The large observed work on the 50″ telescope performed by an astronomer is devoted to the two-dimensional quantitative spectral classification of stars of spectral classes O5-F2 and the construction of a spectrum-absolute value diagram in the Morgan-Kinn system. The Observer himself obtained more than 1,200 spectrograms with a dispersion of 75Å / mm for more than 200 stars. A classification system based on the ratio of equivalent widths of absorption lines has been developed. As a result, the spectrum-absolute value diagram in the range of spectral classes O5-F2 and in the range of absolute values from +4m to -8m is constructed.

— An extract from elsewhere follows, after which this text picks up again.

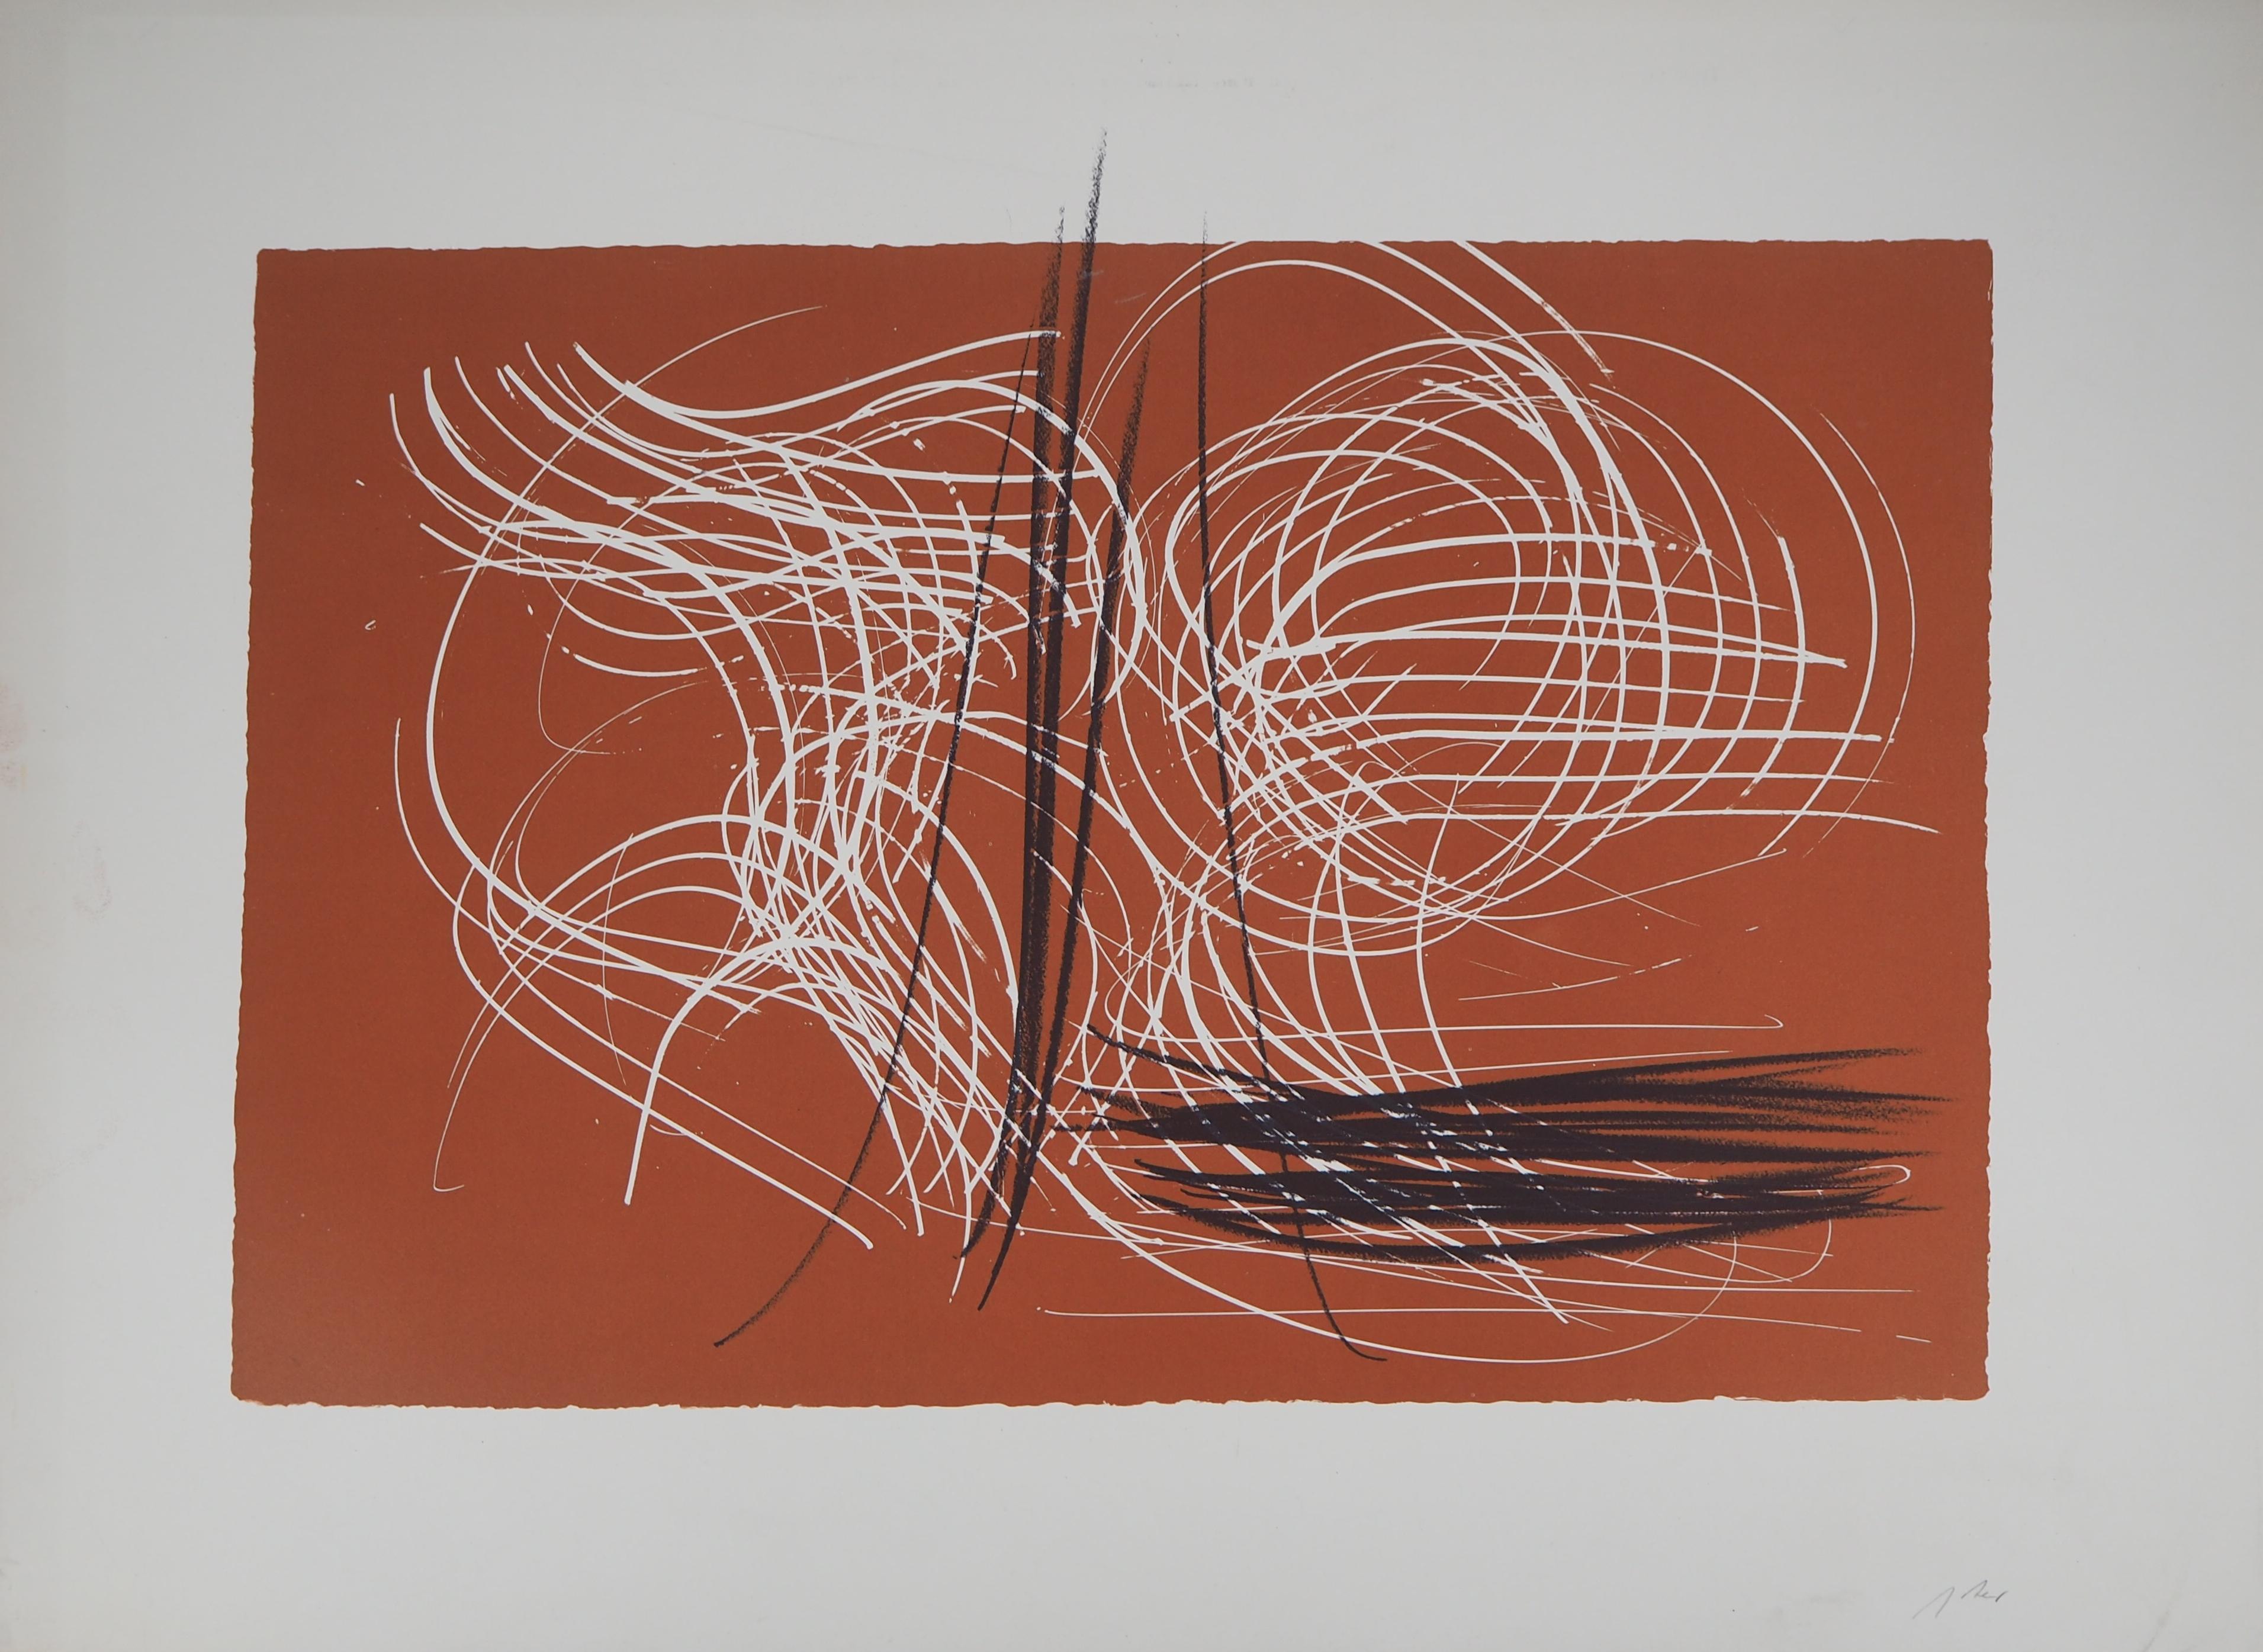 Brown Abstract Composition - Original Lithograph, 1971

The results of this work allowed to expand the number of stars on the Hertzsprung-Russell diagram, to refine in comparison with the available data on the stars at that time and to analyze in more detail the structure of the spectrum-luminosity diagram. Later, together with the staff of the observatory T. S. Belyakina and E. A. Vitrichenko quantitative spectral classification was also performed for 26 "metallic" and 23 standard stars of luminosity classes II-V in the spectral range A2-F5. It is shown that according to the material position on the spectrum-absolute value diagram there is no sharp division of stars into "metallic" and normal. It was found that the degree of "metallicity" increases with decreasing wavelength, this is due to the increase in the number and intensity of lines of neutral elements, and especially iron lines. Later, on the basis of this rich observational material, the astronomer determined microturbulent velocities in atmospheres of 68 stars in the spectral range O6-B5. As a result, it was found: turbulent velocity increases with increasing luminosity of the star; curves that express the dependence of microturbulence on the spectral class have clear maxima for different ions and different luminosities of stars on different spectral subclasses.

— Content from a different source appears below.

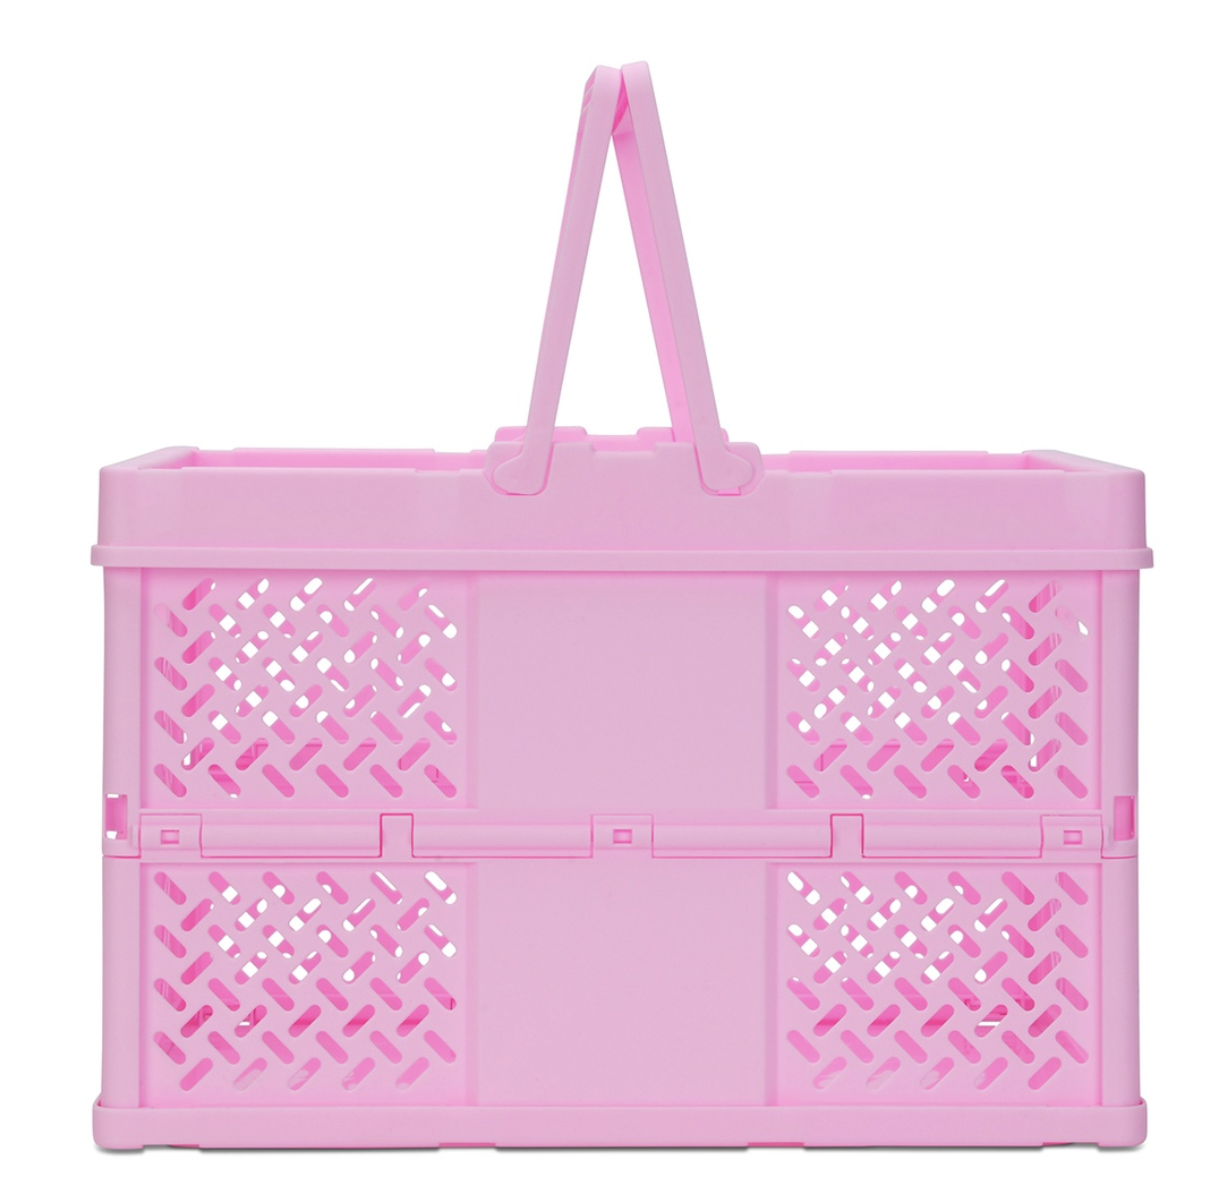 Iscream Large Pink Foldable Storage Crate

The next cycle of works by the scientist, performed jointly with T. S. Galkina, E. A. Vitrichenko, O. P. Dutch, devoted to the quantitative analysis of the atmospheres of 25 hot supergiants of spectral classes O9-F2, the spectra of which were obtained with a dispersion of 23Å/mm on a prism spectrograph 50 ″ telescope. The main results of these studies are as follows. The nature of the dependence of velocity microturbulence on the spectral class is studied. Two possible reasons for the existence of two maxima of this dependence are discussed, namely: the change in the depth of the convective zone and the depth of formation of spectral lines in the atmosphere. The overpopulation of the singlet level of helium relative to the triplet level in the atmospheres of the O6-A0 supergiants has been confirmed. No anomalies were found in the relative chemical composition of the atmospheres of the studied supergiants in comparison with the "standard" chemical composition of the stars and the Sun.
The scientist defended his dissertation on "Two-dimensional quantitative spectral classification of 238 stars O5-B7 and the construction of the spectrum-absolute value diagram" in 1959.
I. M. Kopylov, E. R. Mustel, and Sh. G. Gordeladze in the USSR and the spouses SI and SH Gaposhkin at Harvard estimated the amount of mass emitted during a new star flash. The first previous attempts by V. A. Ambartsumyan and N. A. Kozyrev in 1933 to solve the problem gave the following result: it was very small, about one hundred thousand times less than the mass of the Sun. Calculations performed by different methods showed the same results.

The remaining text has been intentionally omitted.